=== Information shown ===
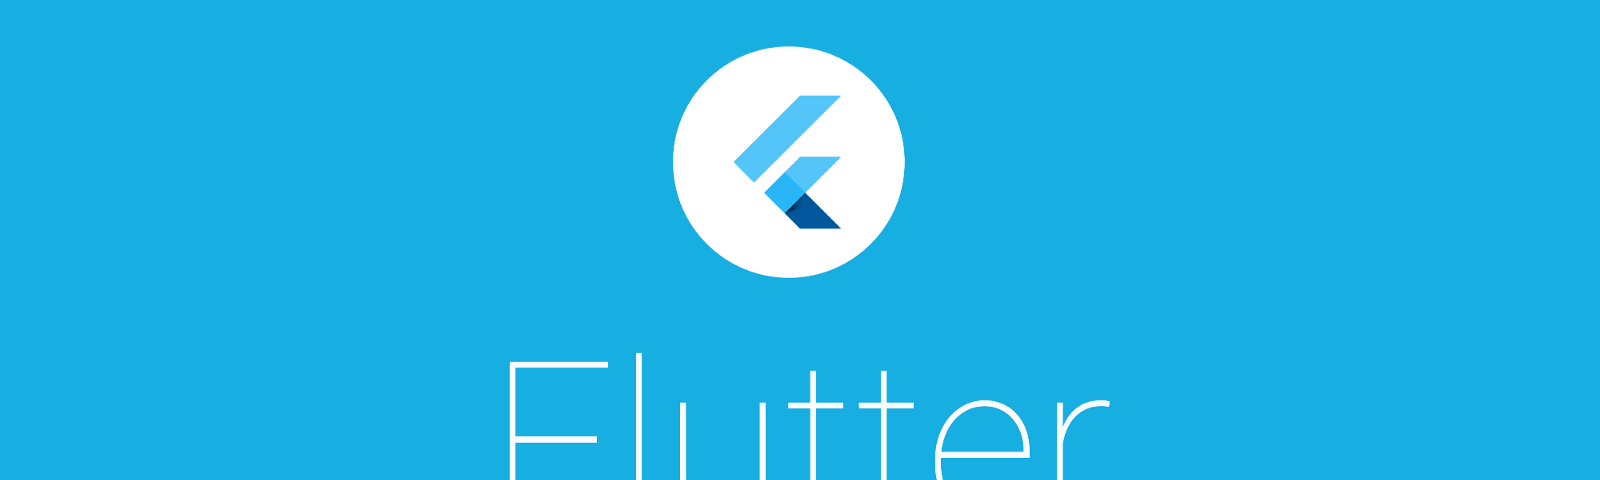 A picture displaying the Flutter logo, with text that says “Flutter”
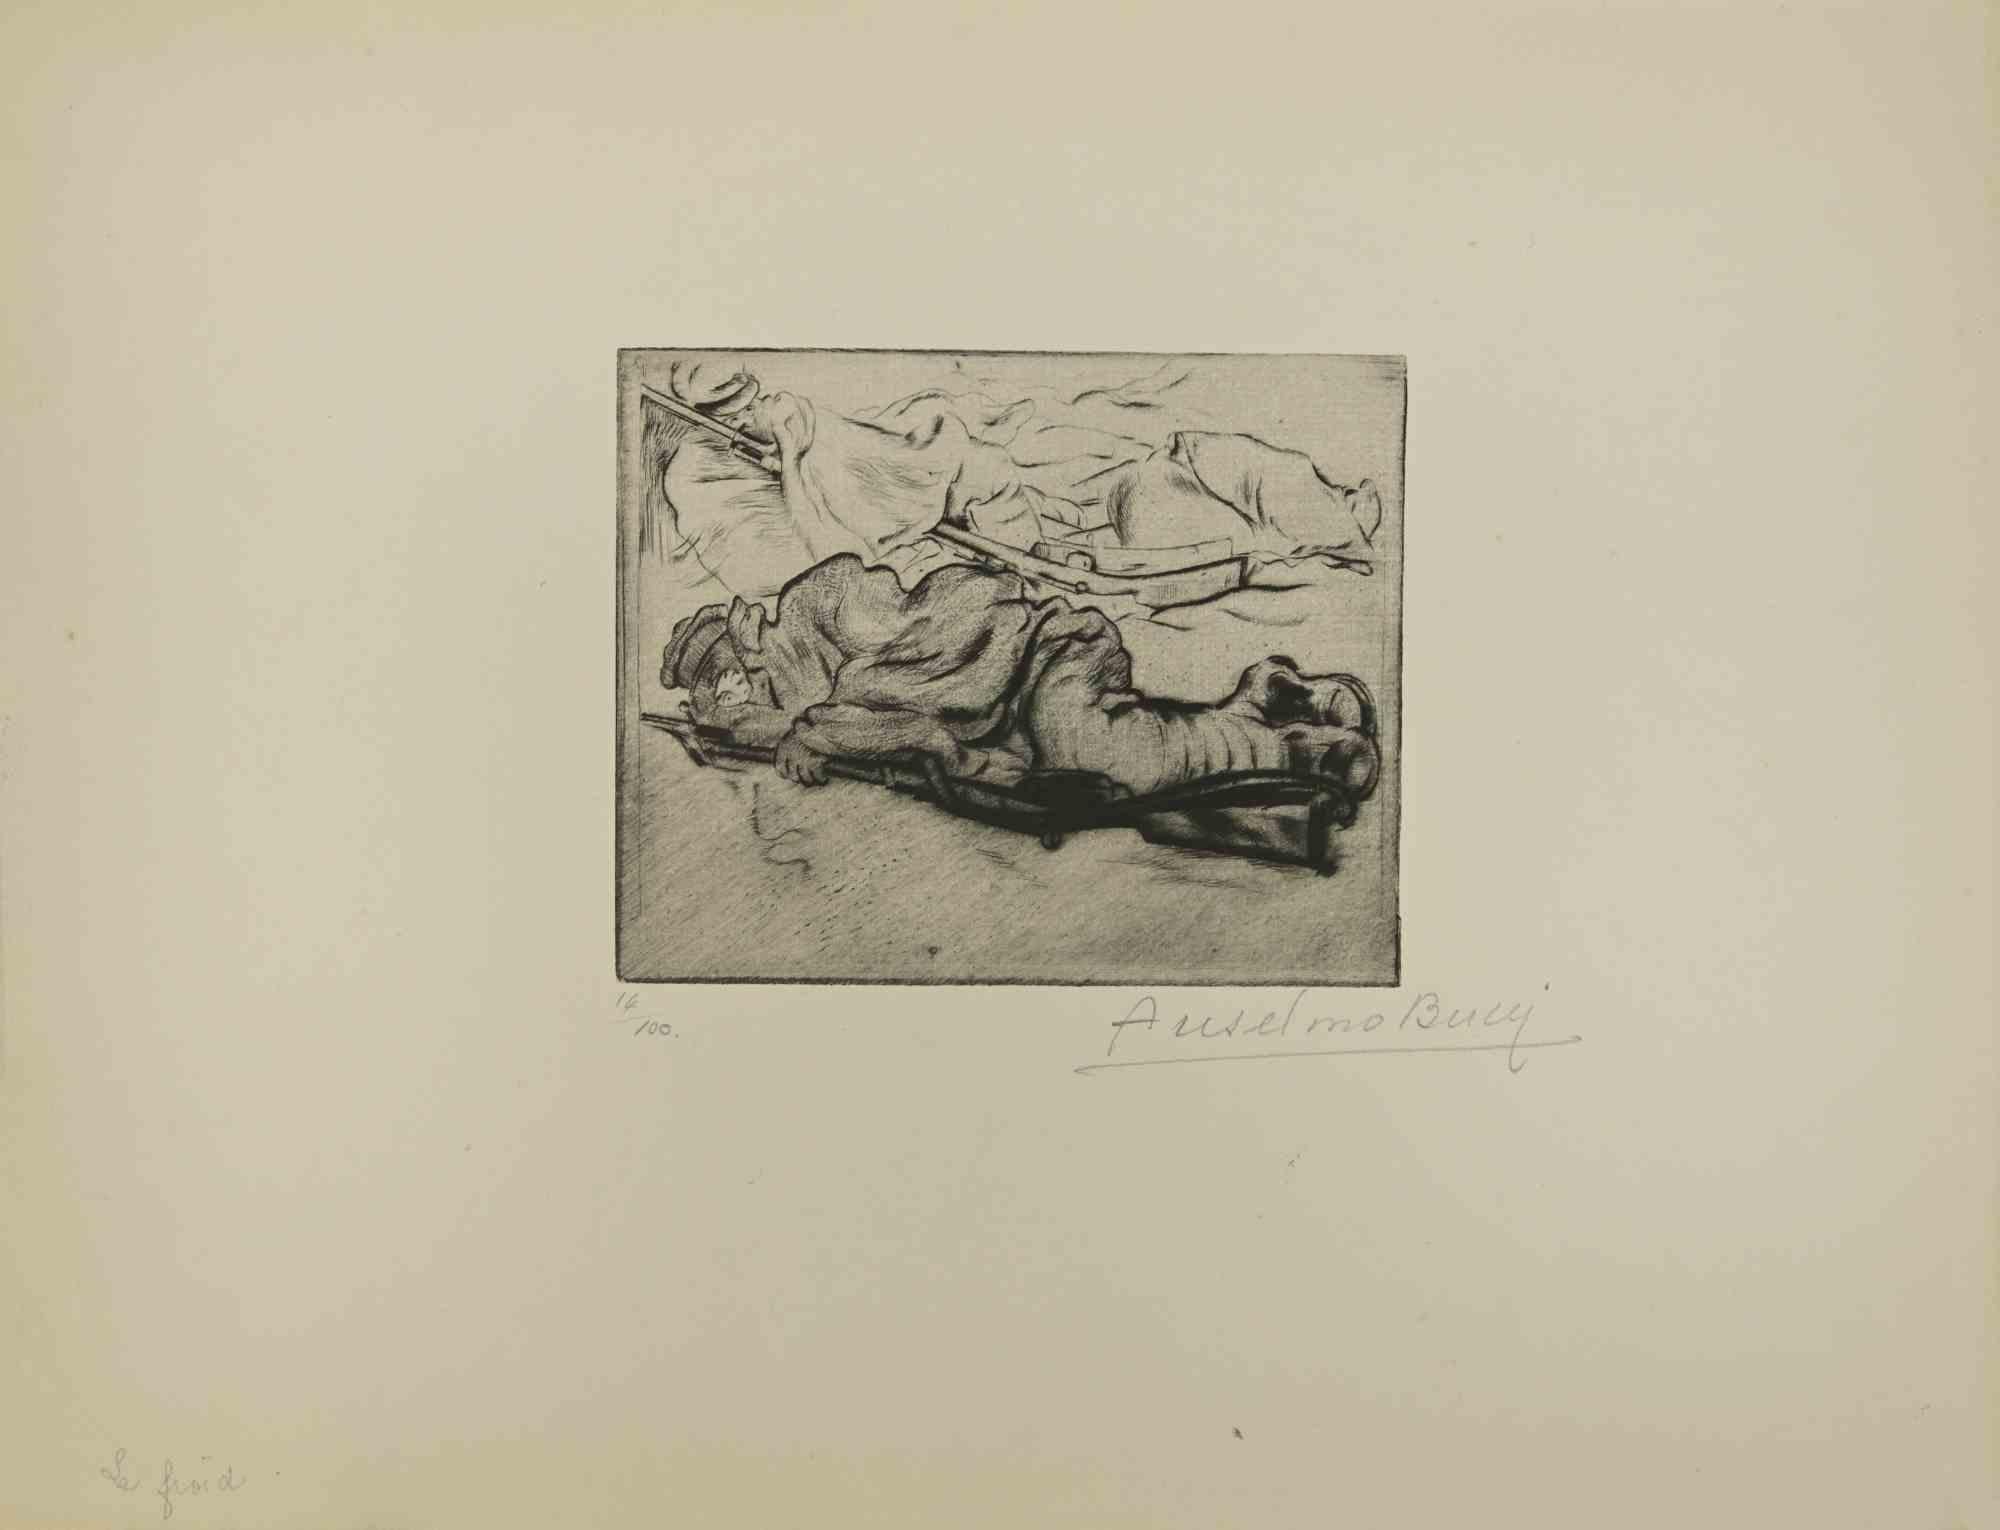 Sleep - from "Le Croquis du Front Italien" is an Artwork, Drypoint,  realized by the Italian Artist Anselmo Bucci, in 1917 s.

Hand signed on the right margin . Edition n. 14/100 specimens on Hollande paper. From the collection: “Croquis du Front
===
Description of the task: Your reply should give again exactly the lines from the one with "Sleep - from" through the last line of the data, with both ends included and pictures left out.

Response box:
 Sleep - from "Le Croquis du Front Italien" is an Artwork, Drypoint,  realized by the Italian Artist Anselmo Bucci, in 1917 s.

Hand signed on the right margin . Edition n. 14/100 specimens on Hollande paper. From the collection: “Croquis du Front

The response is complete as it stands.